This is related to approximations of irrational numbers, continued fractions, and the irrationality measure of a number. More generally, we could define the closest algebraic number of degree $d$, as the number $R_d(\alpha)$ defined as follows.

$$P^*= \arg\min_P\Big(H(P)\Big)^{\mu(d)}\cdot |P(\alpha)|,\\ R_d(\alpha) = \Big(H(P^*)\Big)^{\mu(d)}\cdot |P^*(\alpha)| $$

where $P$ is any polynomial of degree $d$ with integer coefficients, with highest and lowest coefficients not equal to $0$, and $H(P)$ is the height of $P$, that is, its highest coefficient in absolute value. To make this work for most $\alpha$, how should we choose $\mu(d)$? Does $\mu(d)=d$ work? It seems to work if $d=1$.

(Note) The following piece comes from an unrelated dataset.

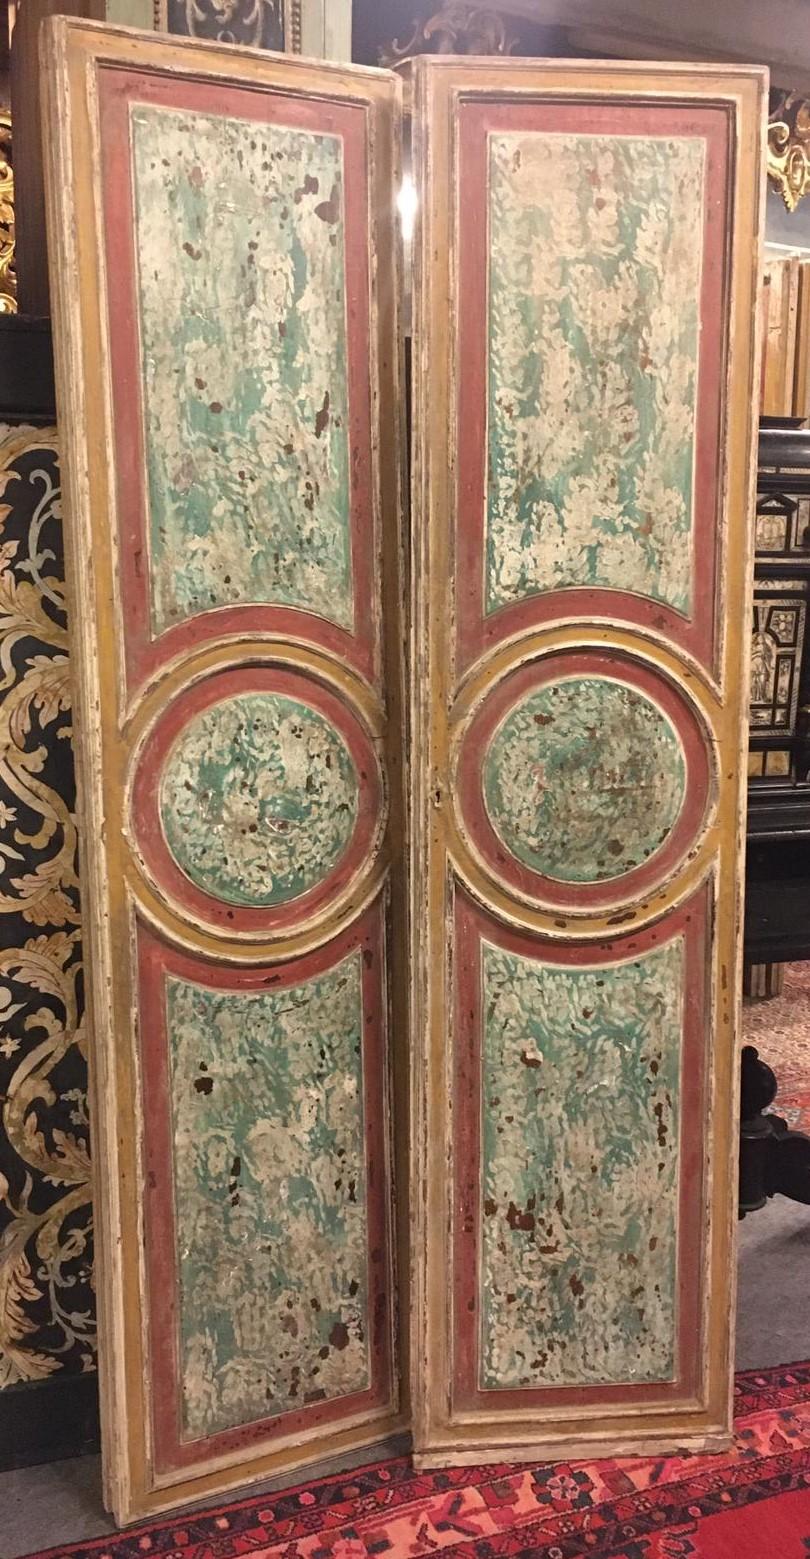 Ensemble de N. 2 portes à double battant laquées avec un effet de faux marbre, colorées et sculptées, double face, sculptées et laquées également au dos, fabriquées à la main au 18ème siècle, de Rome, mesurant cm L 100 x H 210.
Ils sont également

As of now, as far as I know, all results involving $d>1$ are conjectures. Related material includes the Wirsing conjecture. See also the "Generalizations" section in the Wikipedia article on Roth's theorem, here.

Update on Feb 8, 2021: It is possible that the best approximation, if $d$ is an even integer, may be a complex number. Also, see my new question here, about approximations by dyadic fractions. The plan is to look at approximations using the first $n$ digits of $\alpha\in [0, 1]$ in base $b$, where (say) $b=\sqrt{2}$, focusing on values of $n$ where a long run of zeros start, leading to approximations of transcendental numbers by quadratic irrationals. This is briefly discussed in the comments in my new question.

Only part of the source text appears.